Distribution Shift Alignment Helps LLMs Simulate Survey Response Distributions
Ji Huang, Mengfei Li, Shuai Shao

TL;DR
This paper introduces Distribution Shift Alignment (DSA), a two-stage fine-tuning method for large language models that improves survey response simulation accuracy by aligning output distributions and distribution shifts, reducing data needs.
Contribution
The paper proposes DSA, a novel fine-tuning approach that better captures distribution changes, outperforming existing methods in survey response simulation tasks.
Findings
DSA outperforms other methods on five public survey datasets.
DSA reduces real data requirements by over 50%.

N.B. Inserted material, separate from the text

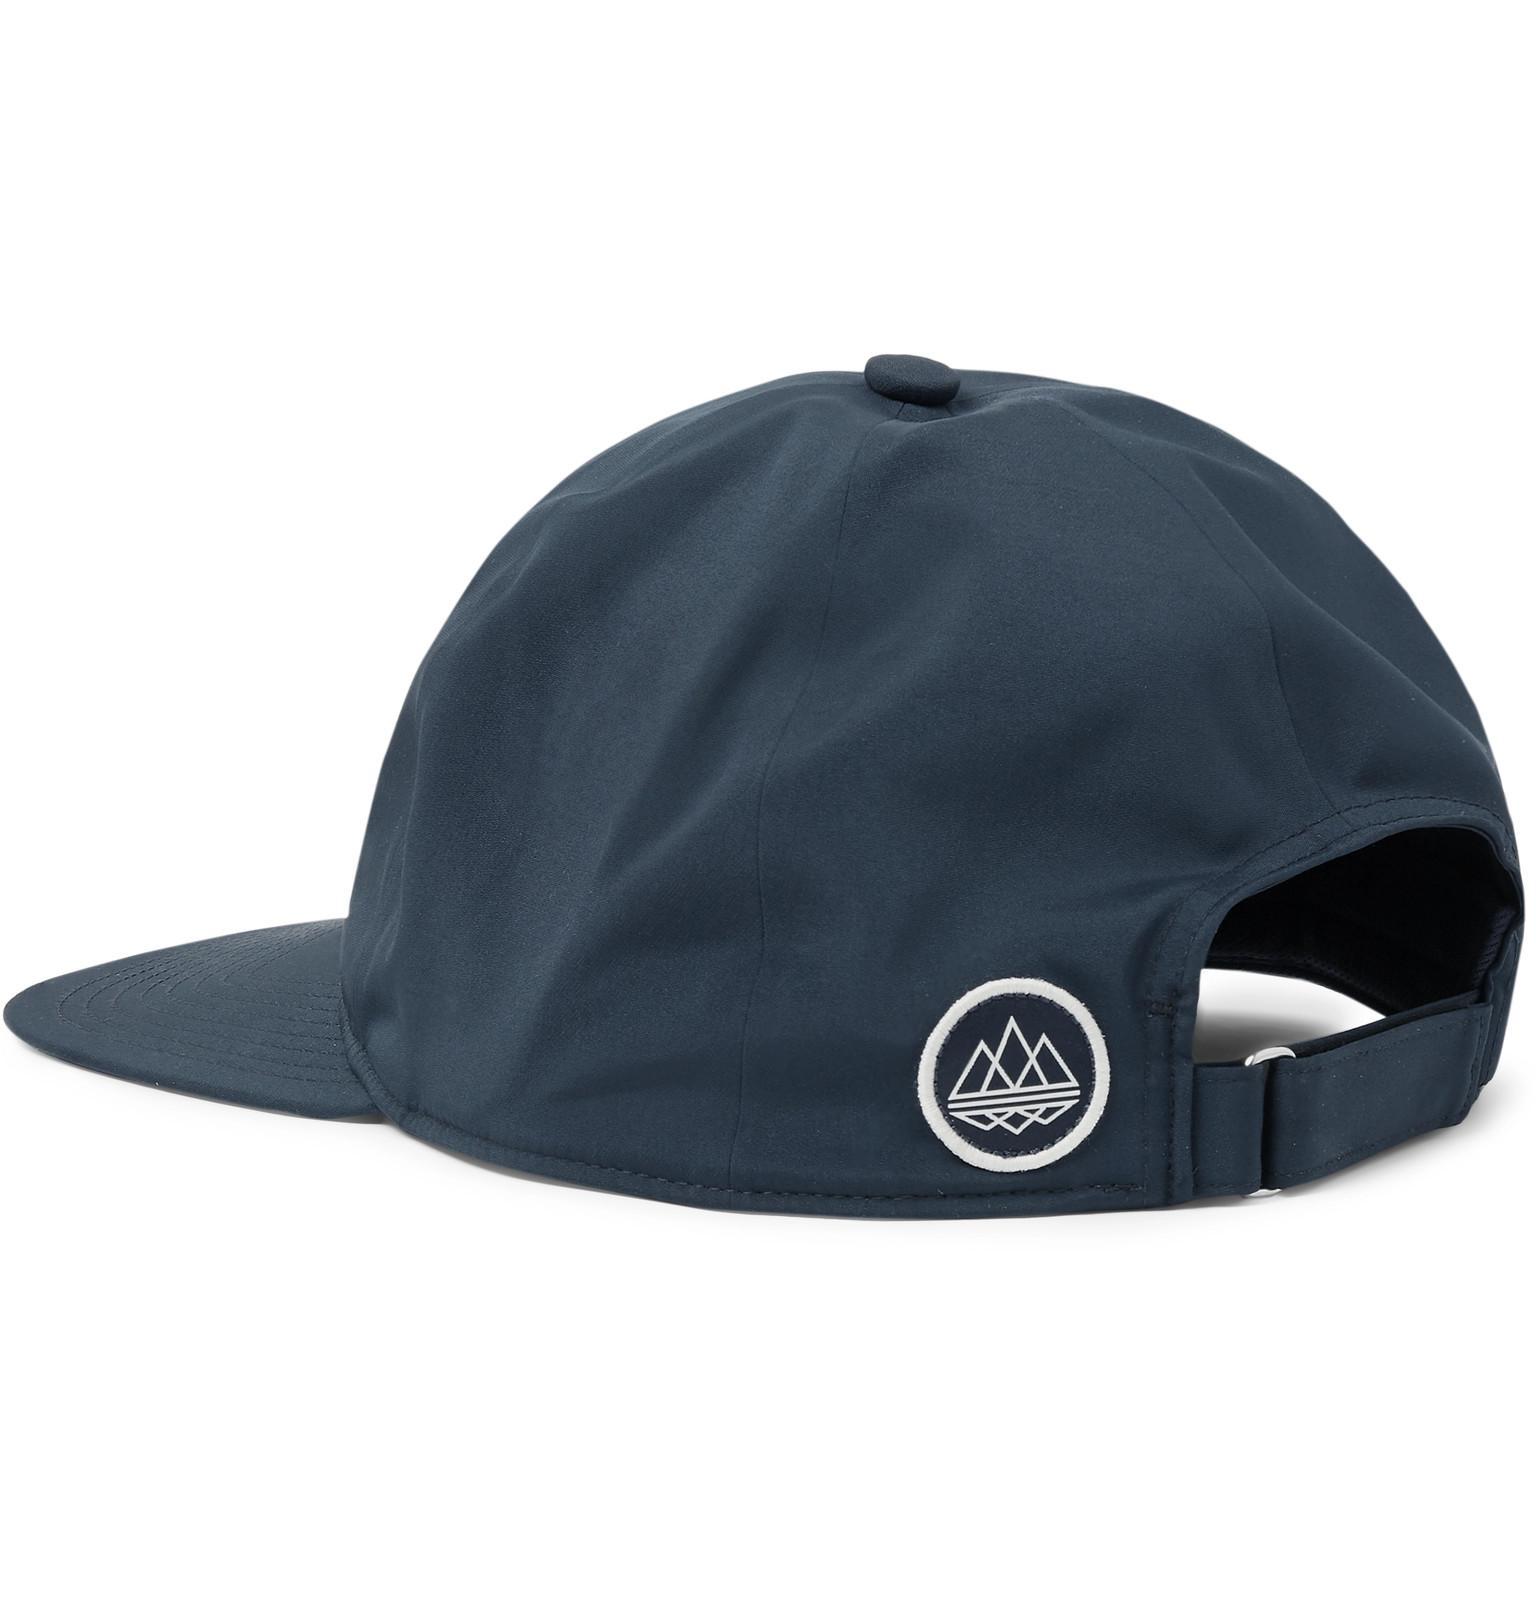 28cf57333 adidas Originals Spezial Logo-appliquéd Stretch-shell Baseball Cap ...

Empirical results show improved accuracy and robustness.
Abstract
Large language models (LLMs) offer a promising way to simulate human survey responses, potentially reducing the cost of large-scale data collection. However, existing zero-shot methods suffer from prompt sensitivity and low accuracy, while conventional fine-tuning approaches mostly fit the training set distributions and struggle to produce results more accurate than the training set itself, which deviates from the original goal of using LLMs to simulate survey responses. Building on this observation, we introduce Distribution Shift Alignment (DSA), a two-stage fine-tuning method that aligns both the output distributions and the distribution shifts across different backgrounds. By learning how these distributions change rather than fitting training data, DSA can provide results substantially closer to the true distribution than the training data. Empirically, DSA consistently outperforms…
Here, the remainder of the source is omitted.